O secretário ainda continuou a discussão, afirmando que a PM estava sob a jurisprudência do município e que a instituição deveria atender às necessidades da comunidade.

(Foto: Secom)

A PM então ignorou o secretário e registrou um boletim de ocorrência em que o acusa de calúnia e difamação. Além disso, enviou ofício à Câmara Municipal, pedindo que investigue a conduta do secretário. O ofício foi lido em sessão ordinária realizada nesta terça-feira (4).

No documento, a Corporação afirma que não tem percebido alterações significativas na sede do município e nem nas comunidades rurais que justifique reforço da atividade policial, conforme alega o secretário.

“Aproveito para informar que este comandante encaminha tais informações ao prefeito municipal de Poconé, solicitando abertura de processo administrativo para apurar a conduta do representante municipal, bem como cópias ao Ministério Público Estadual, instituição responsável pela defesa da ordem pública e dos interesses sociais e individuais”, ressaltou o major da PM Matheus Beiphman, enquanto comandante substituto da 6ª CIPM.

População insatisfeita

Ao LIVRE, o proprietário de uma mercearia em Poconé, que pediu para não ser identificado, confirma a versão do secretário Amaral.

Ele contou que há cerca de dois meses seu estabelecimento foi assaltado. Na ocasião, uma vizinha percebeu a movimentação dos assaltantes e ligou para a PM , mas os policiais não teriam aparecido.

Uma moradora, que também não será identificada pela reportagem, manifestou nas redes sociais indignação com a situação.

“Esses policiais daqui não fazem nada.
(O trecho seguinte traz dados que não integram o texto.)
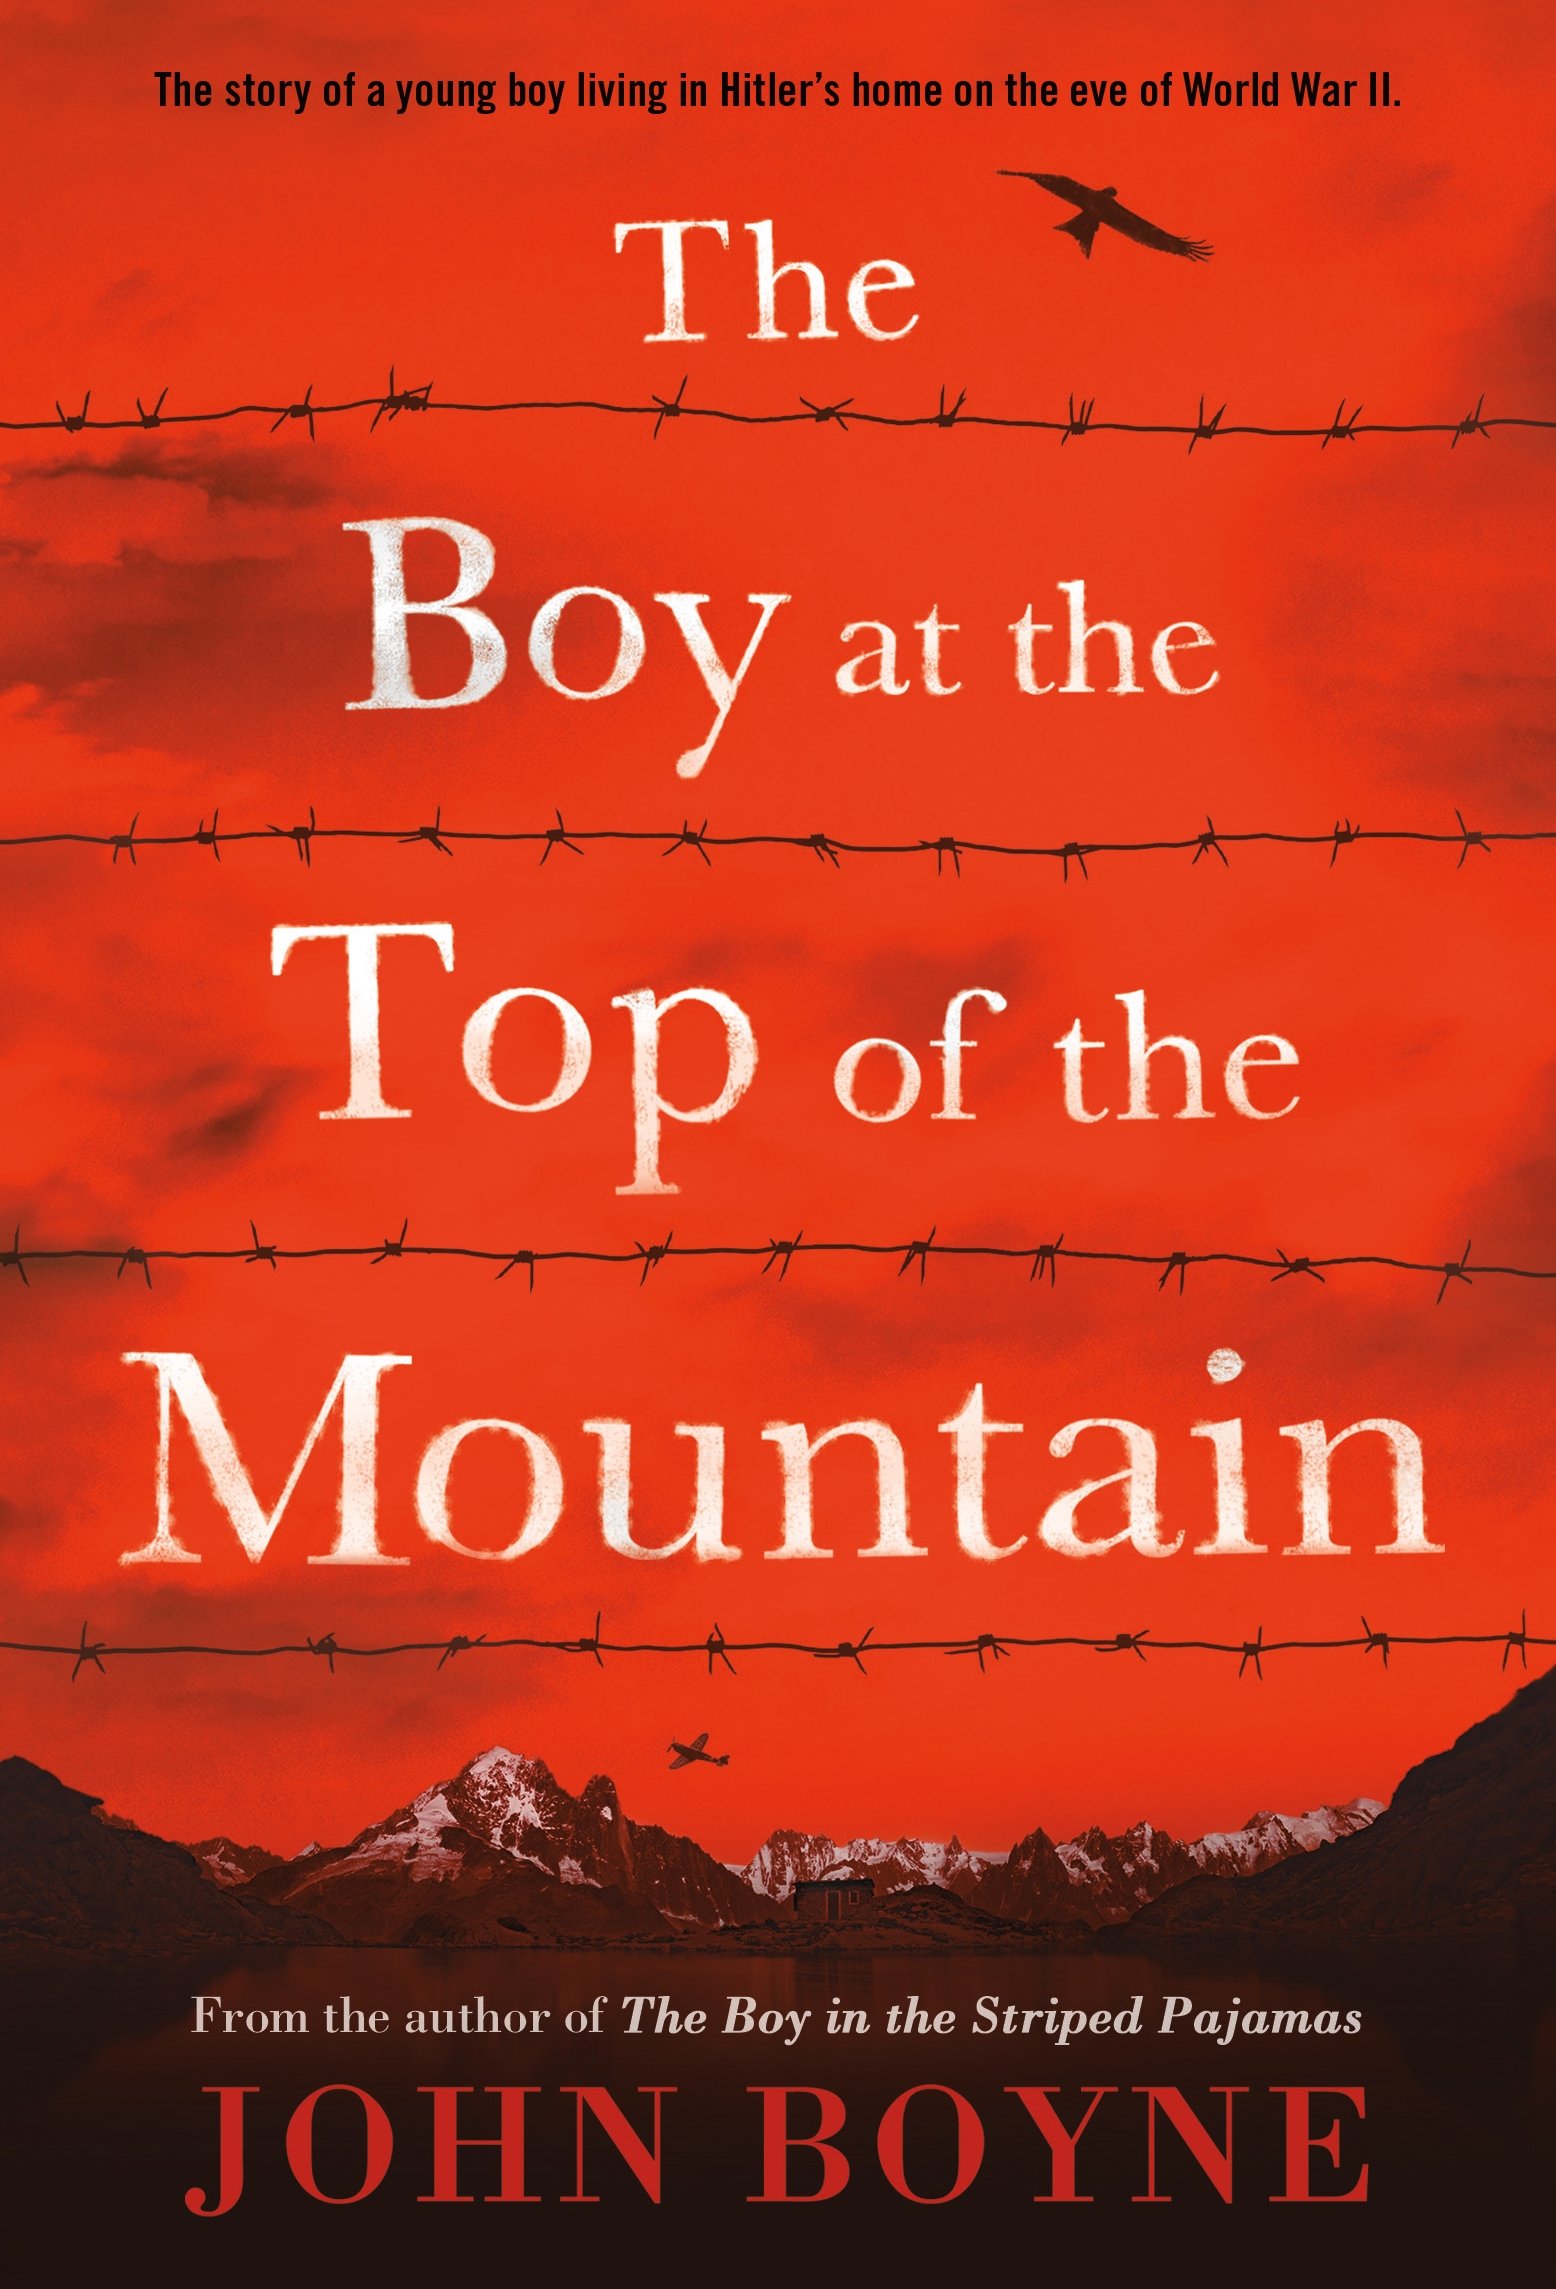 The Boy at the Top of the Mountain by John Boyne.jpg

Se tem uma ocorrência, não vão. Só ficam na porta de garimpos. Tá (sic) na hora da gente unir e pedir pra trocar todos. Eles só mostram serviço junto da força tática, aí sim querem aparecer”.

Ação judicial

Em uma ação judicial, a Procuradoria do Município também narrar o deficit policial em Poconé, mas, apesar de argumentar que a situação já estava gerando “hostilidades”, limitou-se a pedir o cumprimento de acordo feito entre o Estado e a Prefeitura. Um termo que garantia segurança reforçada para fazer cumprir determinações feitas pelo município no combate à pandemia do novo coronavírus.

O juízo da Vara de Fazenda Pública de Várzea Grande resolveu a questão oficiando o comando da PM para verificar a situação.

O que diz a PM?

O LIVRE entrou em contato com a PM de Poconé, mas não obteve respostas até o momento. A assessoria de imprensa da Polícia Militar de Mato Grosso também foi acionada.

O espaço segue aberto para manifestações.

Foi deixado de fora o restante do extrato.